If your cat's on Renalzin, now's the time to start stockpiling and/or start testing out some alternatives.


----------



## Torin. (May 18, 2014)

Thanks for the info - I'll pass it on to rat peeps too.


----------



## maisiecat (Jul 27, 2011)

Any idea why?

We had some a while ago but when we changed vets were told it wasn't needed, just as well because he wouldn't touch anything that had been near it but it does concern me for the future.


----------



## MoggyBaby (Mar 8, 2011)

Shoshannah said:


> As title says - they're stopping production of Renalzin in the UK.
> 
> Some alternatives include Ipakitine powder, Pronefra (a relatively new liquid binder) and *the brand new 'EasyPill' Kidney system*, which provides a phosphate binder in treat form.
> 
> If your cat's on Renalzin, now's the time to start stockpiling and/or start testing out some alternatives.


Thank you for this information Shosh - as I curently use Ipakitine, I am not directly affected. However, please can you advise further on this 'EasyPill' system. As I have to 'pre-feed' Merson his binder, and can't mix it in with his food, this sounds like something I may be able to utilise as a possible alternative.

Thank you in advance......xx

.


----------



## Ceiling Kitty (Mar 7, 2010)

maisiecat - apparently there have been some regulatory changes over nutritional supplements, which has led Bayer to stop production. Once existing stocks are used up, that's it. 

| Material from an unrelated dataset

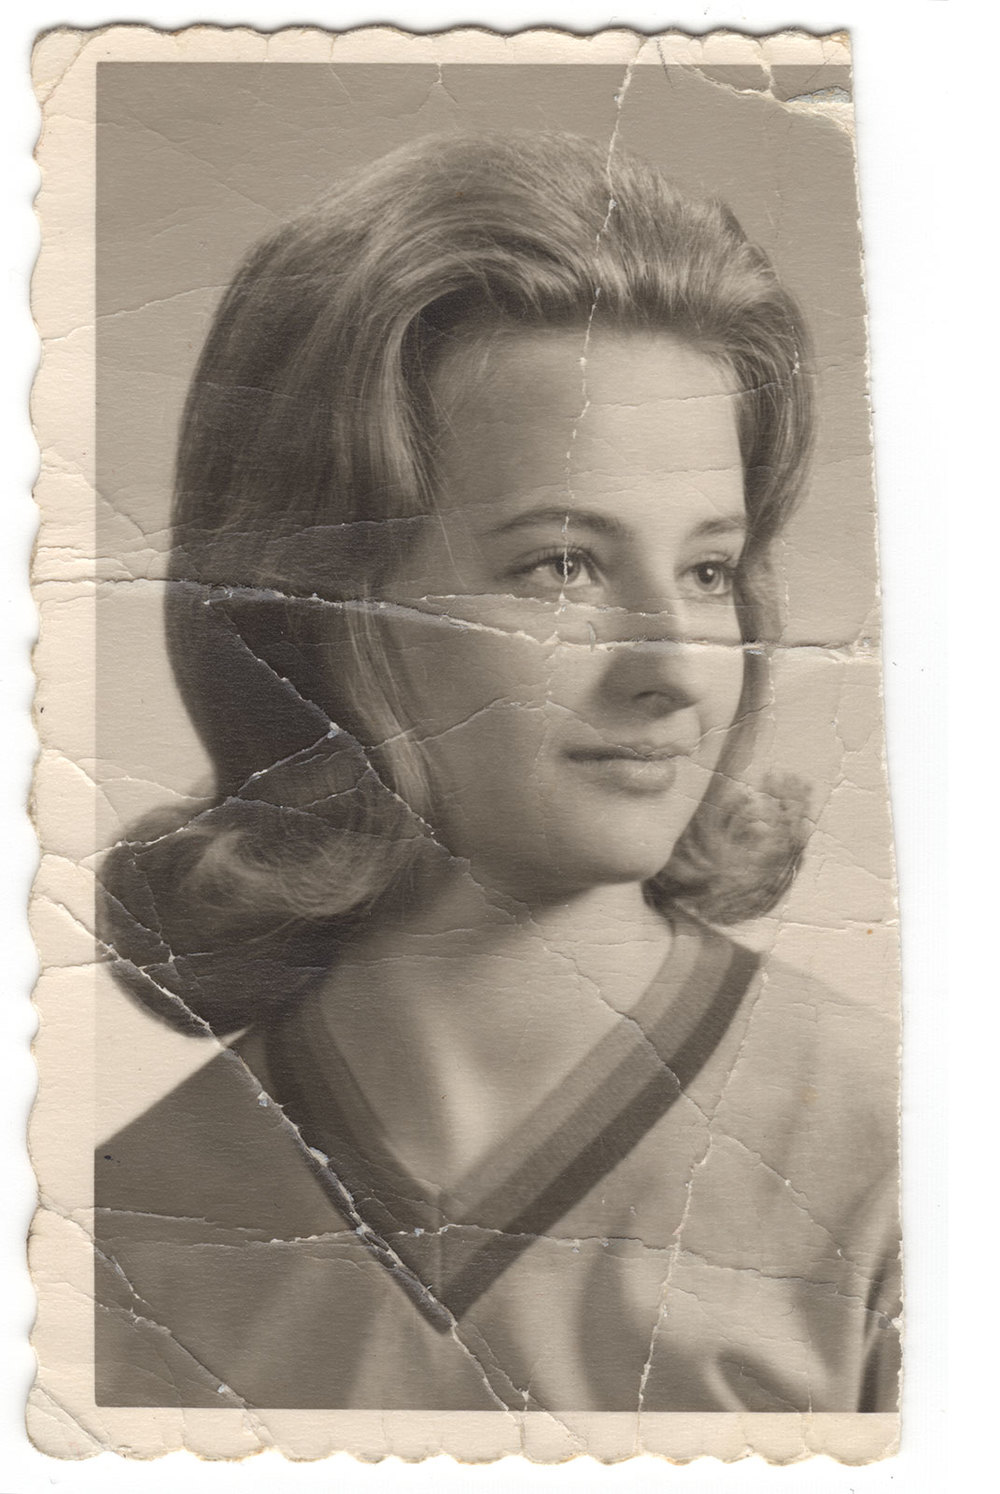 Joyce-senior-photo_orig.jpg
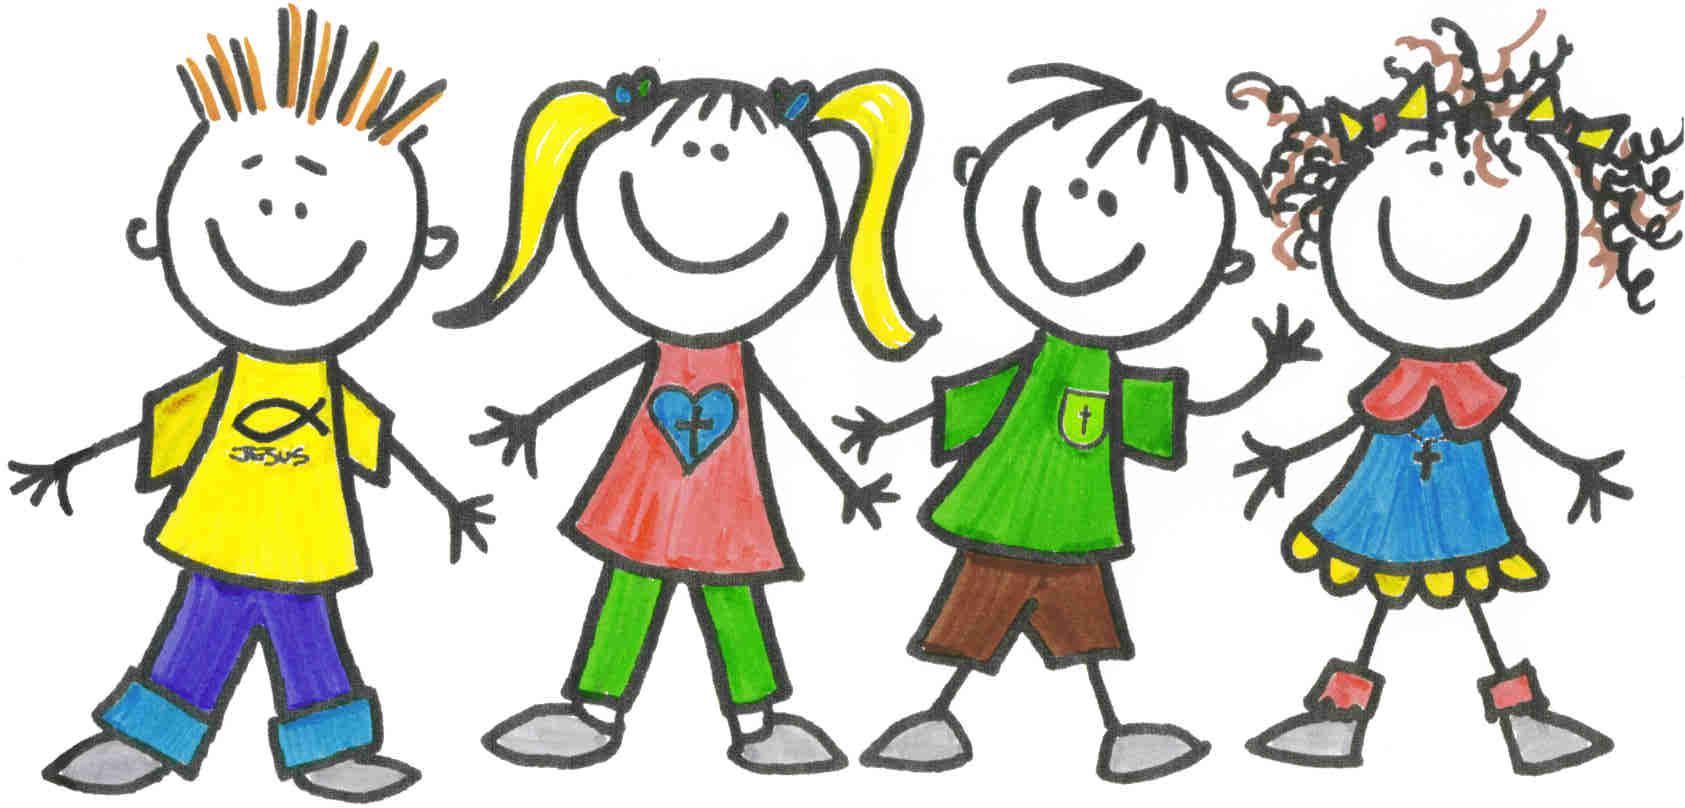 Kind clipart 6 child, Kind 6 child Transparent FREE for.

MoggyBaby - I don't know all that much about the EasyPill myself yet. It was launched last week at the London Vet Show and we're just rolling it out, so a bit early for any meaningful feedback yet.

Basically, EasyPill is a palatable putty that can be easily moulded to administer pills etc (similar to Vivi Treats and other such products). However, the manufacturers also produce a putty that contains a phosphate binder, so it's (technically) easy to administer.

I'm quite interested in this - there's also an L-lysine version for cats with FHV-1 infection.

As I find out more info, I shall update.

Bit more info here: Easypill Composition - Vet Exchange


----------



## MoggyBaby (Mar 8, 2011)

Shoshannah said:


> MoggyBaby - I don't know all that much about the EasyPill myself yet. It was launched last week at the London Vet Show and we're just rolling it out, so a bit early for any meaningful feedback yet.
> 
> Basically, EasyPill is a palatable putty that can be easily moulded to administer pills etc (similar to Vivi Treats and other such products). However, the manufacturers also produce a putty that contains a phosphate binder, so it's (technically) easy to administer.
> 
> ...


That explains why I was struggling to find anything on't t'internet if it is mega-new.  I did see some other EasyPill products they do - their hairball version - so guessing it'll be something similar to that.

If it is, I could be interested so will be keeping an eye out for its big public release.

Thank you for the hot-off-the-press update Shosh. :thumbsup:

.


----------



## Simon Chopping (Jul 9, 2015)

As I came across this petforum recently I thought I would join to offer any help i can give. As the Commercial Manager of VetExchange I will try to answer any queries or concerns regarding the EasyPill range. This is not to simply promote our product but a way of helping those of you who have concerns or queries regarding the product range.

I cannot offer or give any advice as to whether or not to use EasyPill and we ALWAYS suggest speaking to your vet before using the product. But should you wish to ask me anything or wish to gain an insight into EasyPill and what this offers to both cat and dog owners please let me know?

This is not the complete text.